═════ RAW DATA

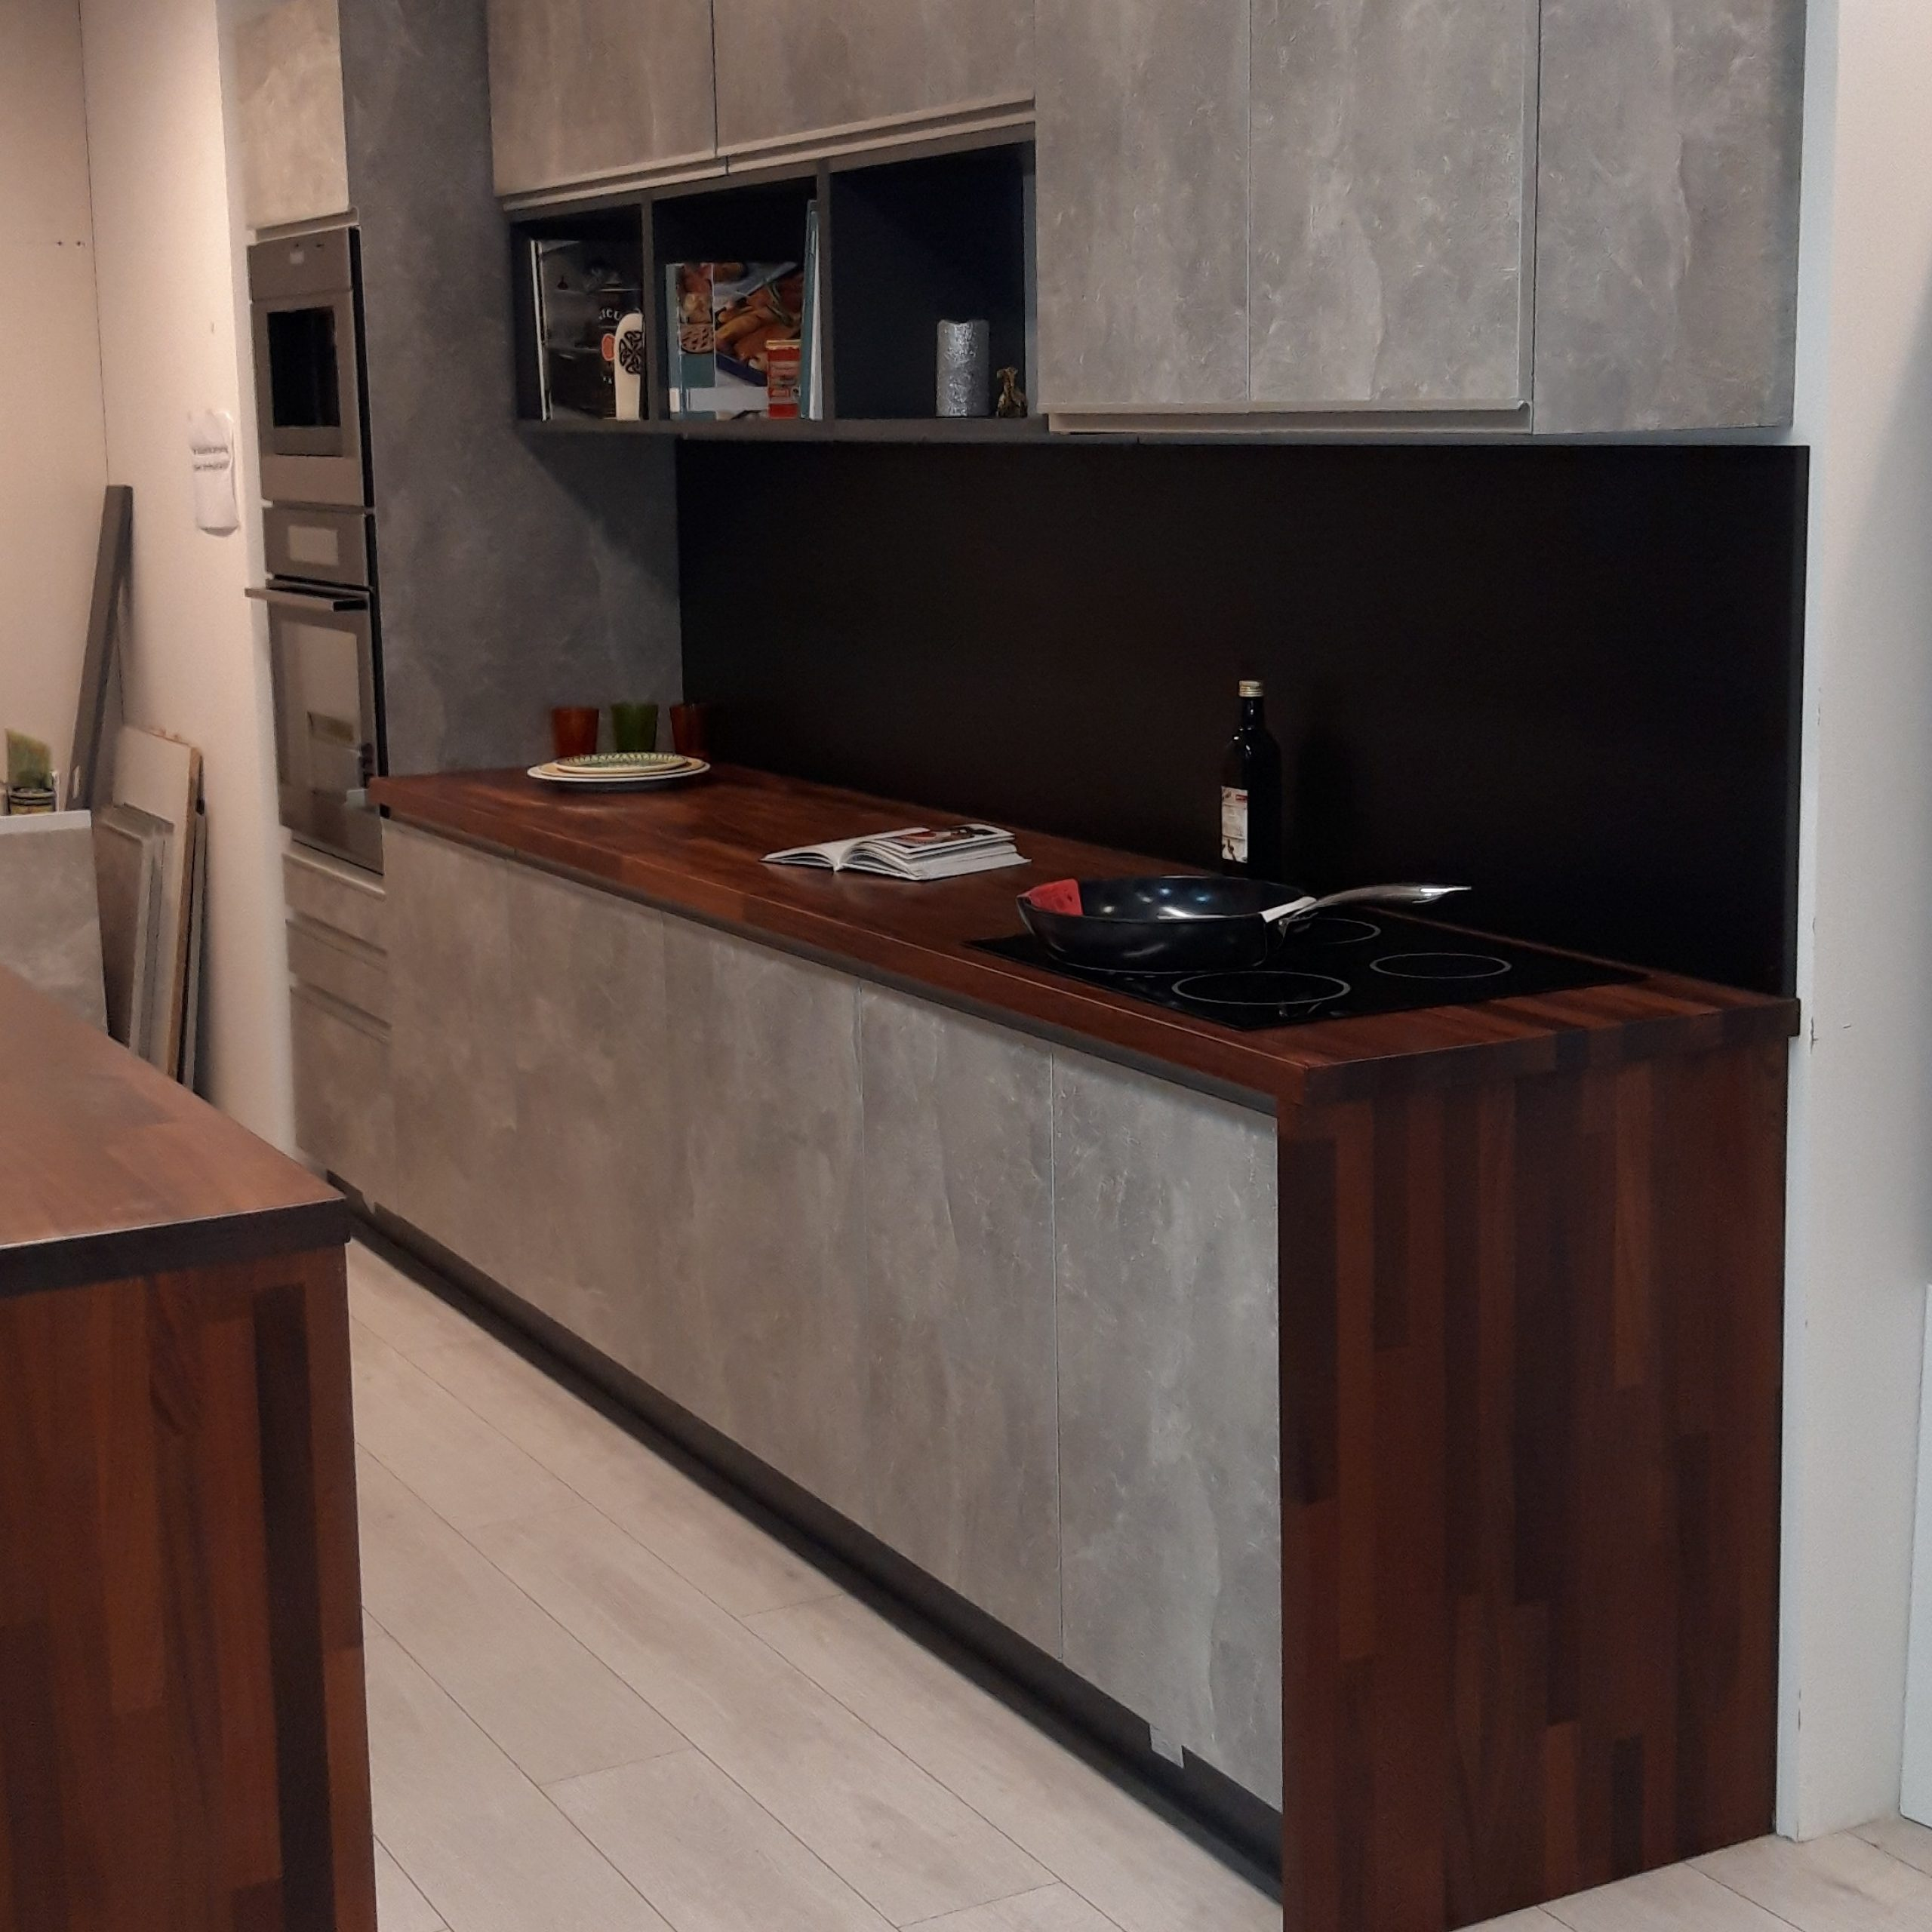 Modern konyhabútor akciós áron
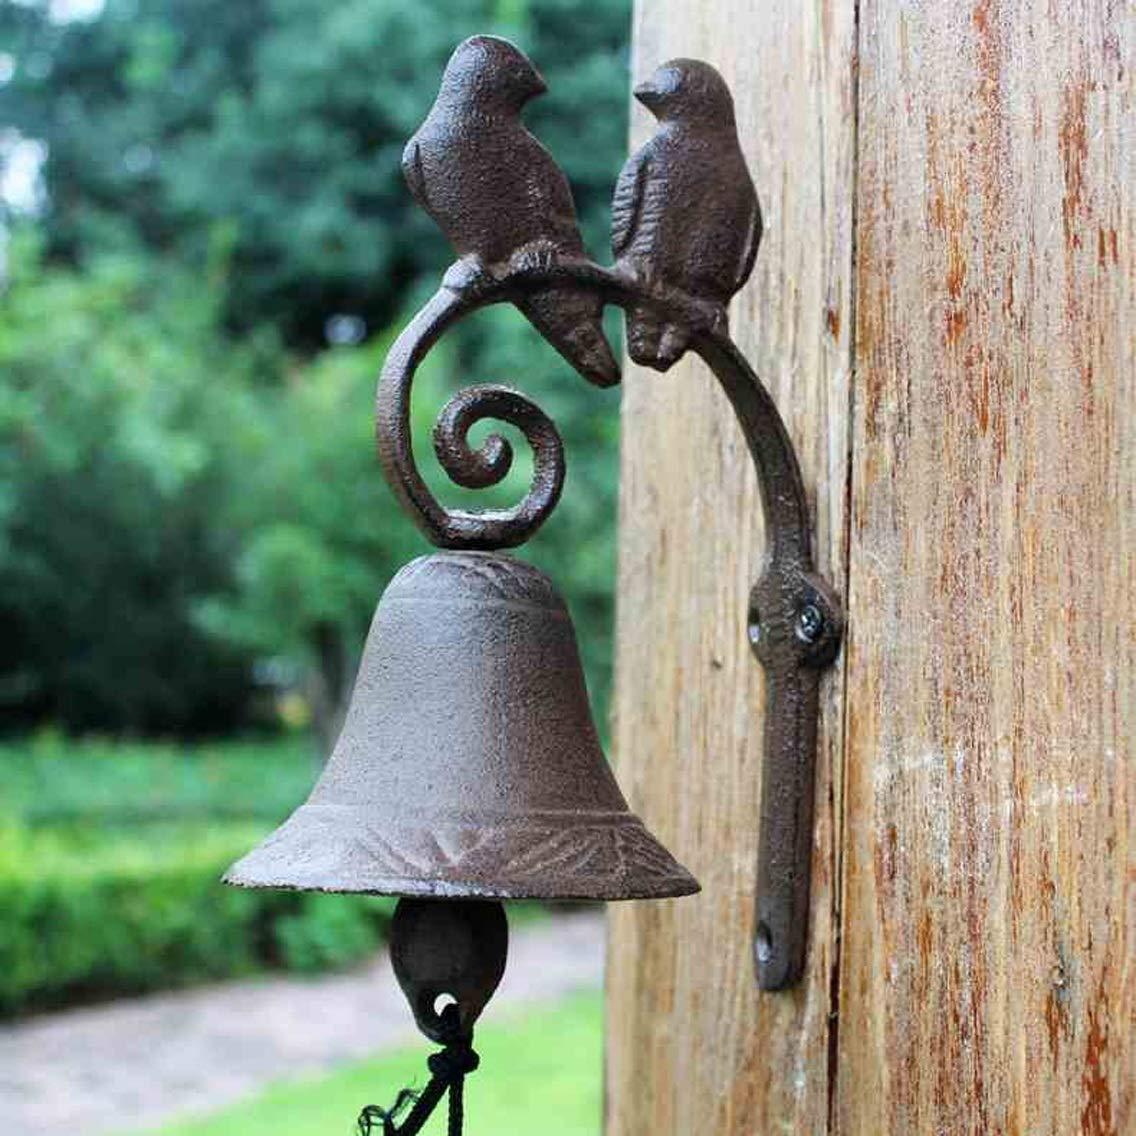 JTQMDD Love Bird Timbre de Hierro Forjado País Americano Jardín Vintage Hierro Campana Hierro Fundido Campana Hecha A Mano Jardín Timbre de la Puerta 9.5x15x23cm Timbre de la Puerta de Hierro Fundido:
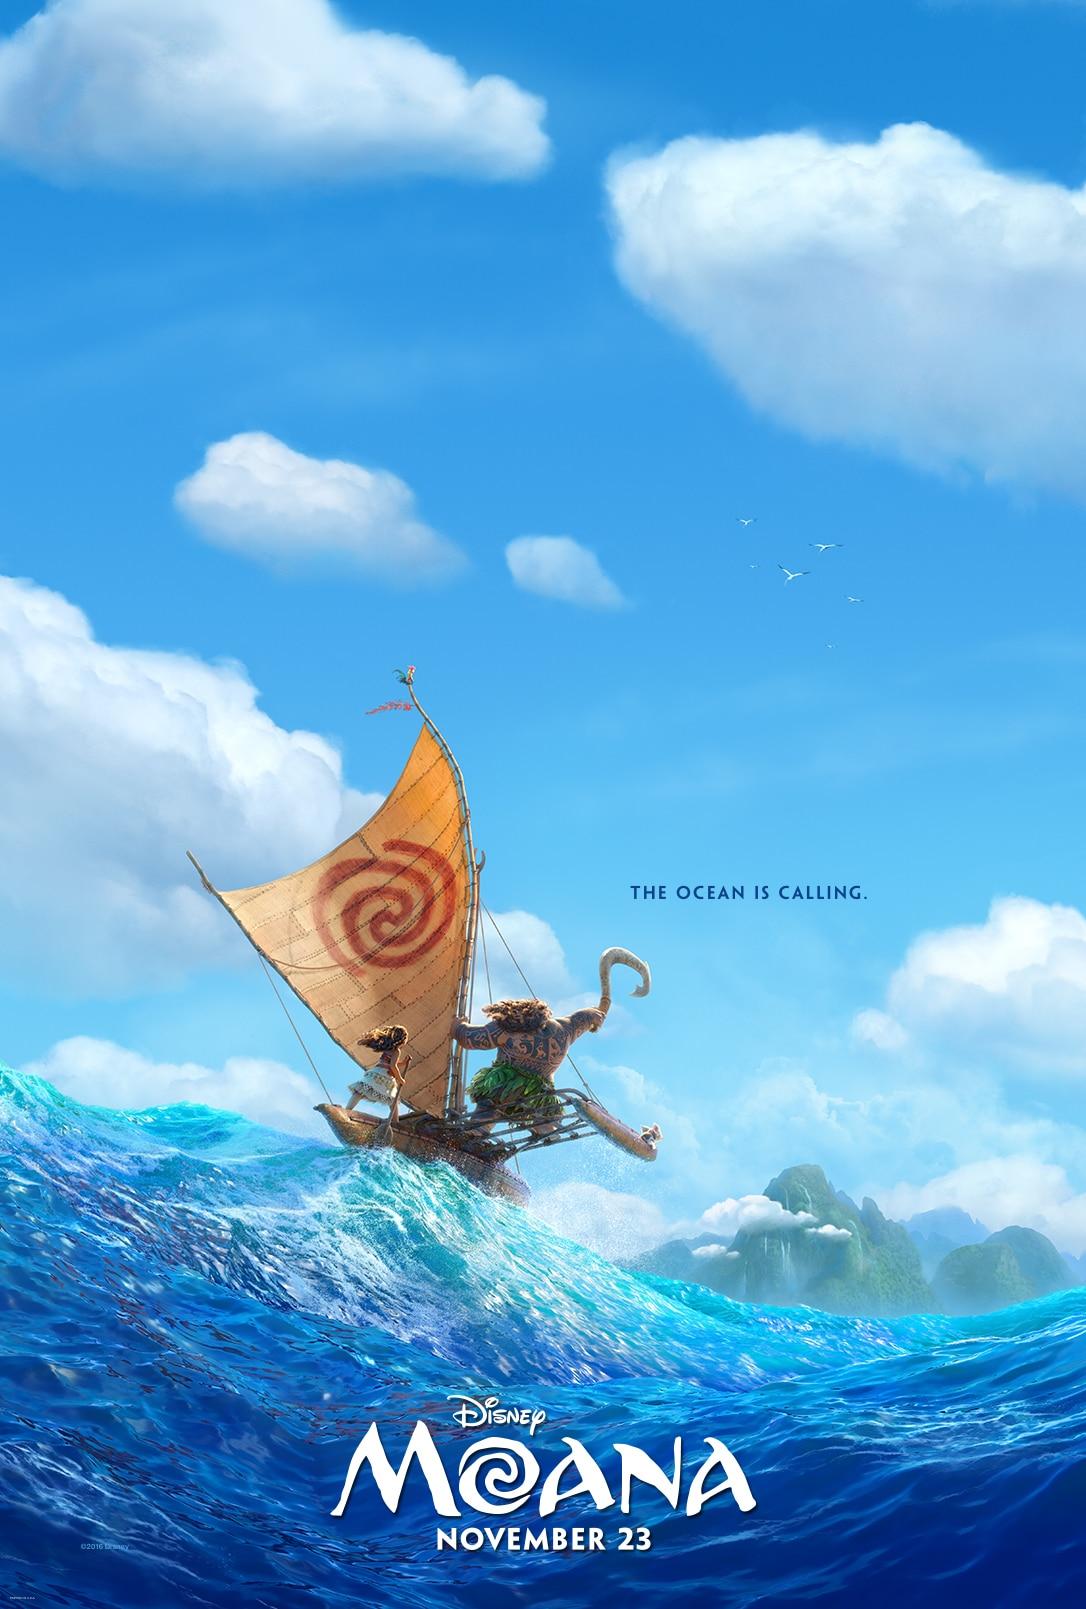 Disney's Moana in theaters Nov. 23rd
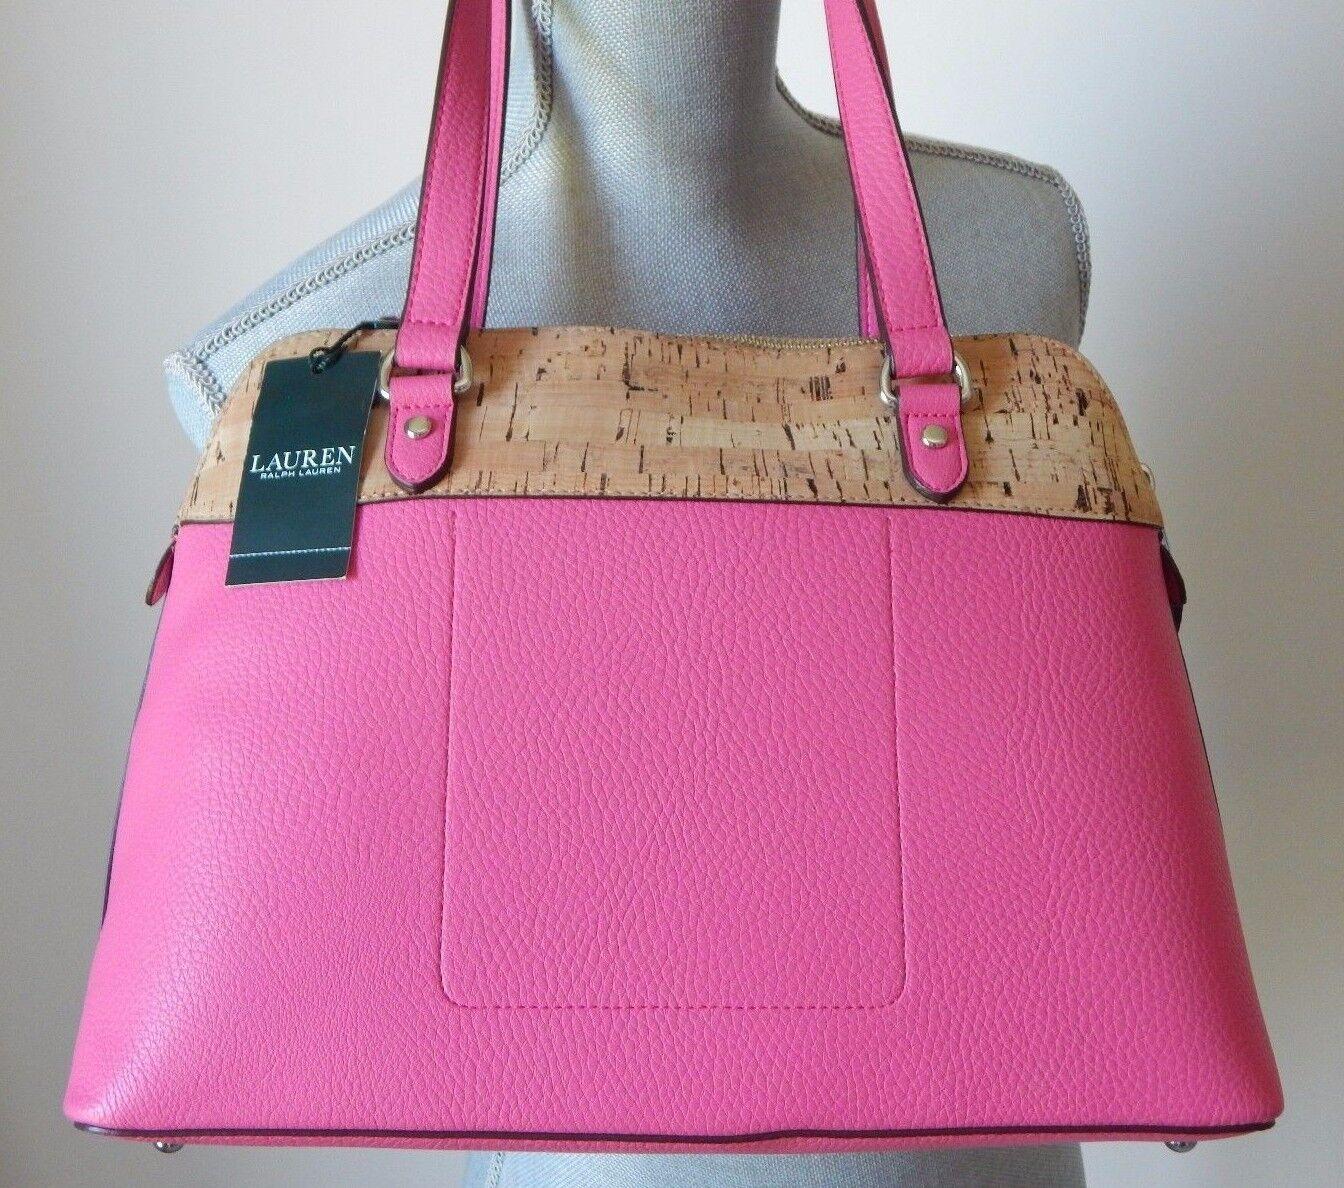 74a5ce5303 Ralph Lauren Hanway Cork Faux Leather Dome Satchel Light Azalea Pink ...

══════════

DIRECTIONS FOR THIS TASK: The line containing "JTQMDD Love Bird" marks the end: transcribe every line from the start of the listing up to and including it, minus the pictures.

ANSWER AREA:
 Modern konyhabútor akciós áron
 JTQMDD Love Bird Timbre de Hierro Forjado País Americano Jardín Vintage Hierro Campana Hierro Fundido Campana Hecha A Mano Jardín Timbre de la Puerta 9.5x15x23cm Timbre de la Puerta de Hierro Fundido:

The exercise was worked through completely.